You could even take $C = 0.5$ in your example. In particular, $C = \max_j w_j$ works. Without additional conditions, I believe this is the tightest upper bound, since it is possible that $w_j = \frac1n$ and $v_i = v_j = v$ for all $i, j$. In this case, $C$ must be at least $\frac1n = \max_j w_j$.
If it has to hold for every $v, w$, then $C = 1$ is the best you can do. Let $v = (1, 0, 0, \ldots, 0)$ and $w = (1-\epsilon, \frac{\epsilon}{n-1}, \frac{\epsilon}{n-1}, \ldots, \frac{\epsilon}{n-1})$ for any $\epsilon > 0$. Sending $\epsilon \rightarrow 0$ means we can require $C$ be arbitrarily close to 1.

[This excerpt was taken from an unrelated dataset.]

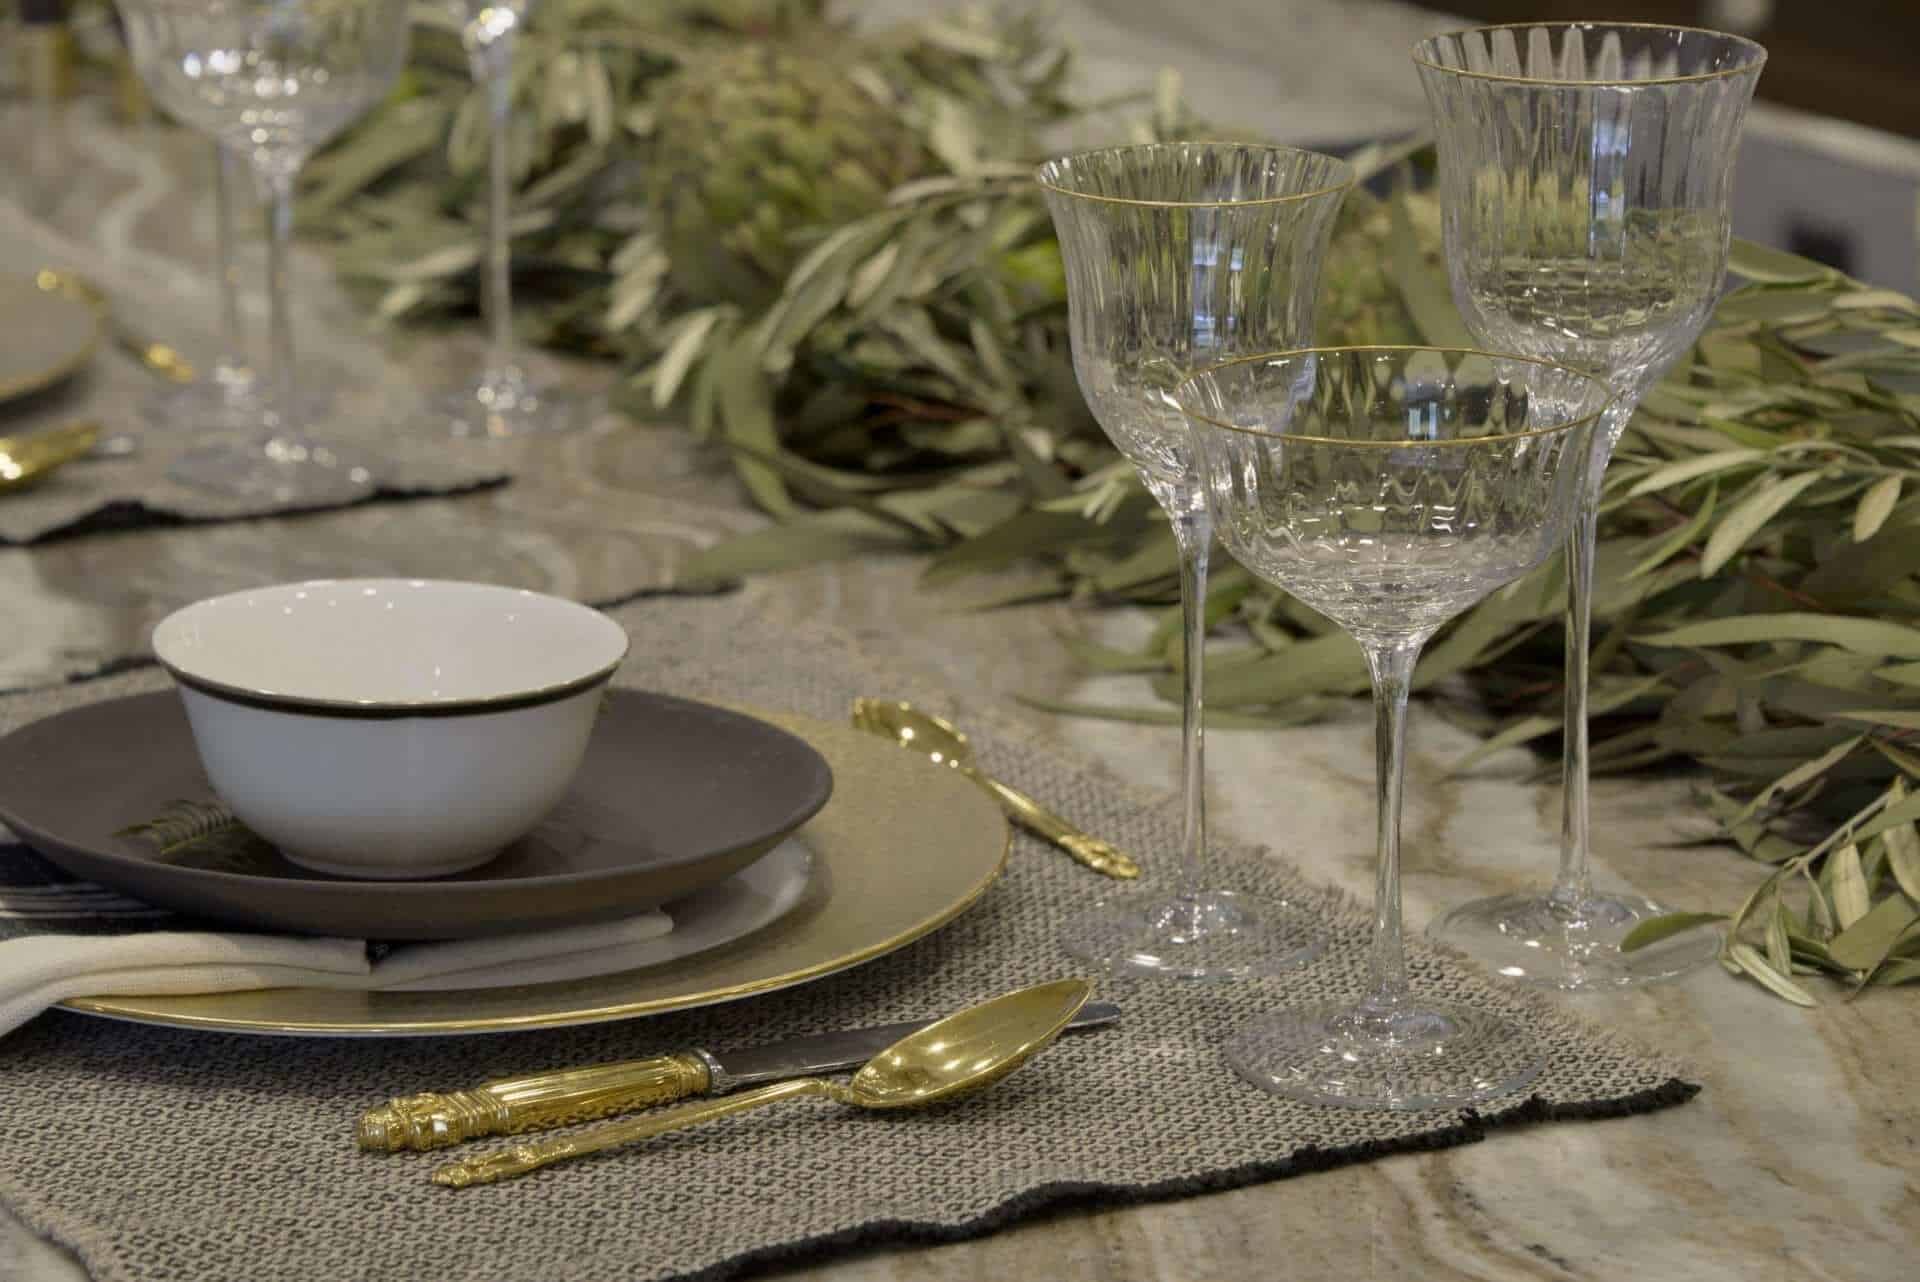 Tabelscape with gold flatware, textured placemat and fresh herbs

In particular, suppose $C < 1$ works. Then take $v = (1, 0, 0, \ldots, 0)$ and $w = (\frac{1+C}{2}, \frac{1-C}{2(n-1)},\ldots, \frac{1-C}{2(n-1)})$. It is clear that $\sum_{j=1}^{n} v_j^2 w_j = \frac{1+C}{2} > C = C\sum_{j=1}^n v_j^2$. This is a contradiction, so $C \ge 1$. But its obvious that $C = 1$ is a valid option.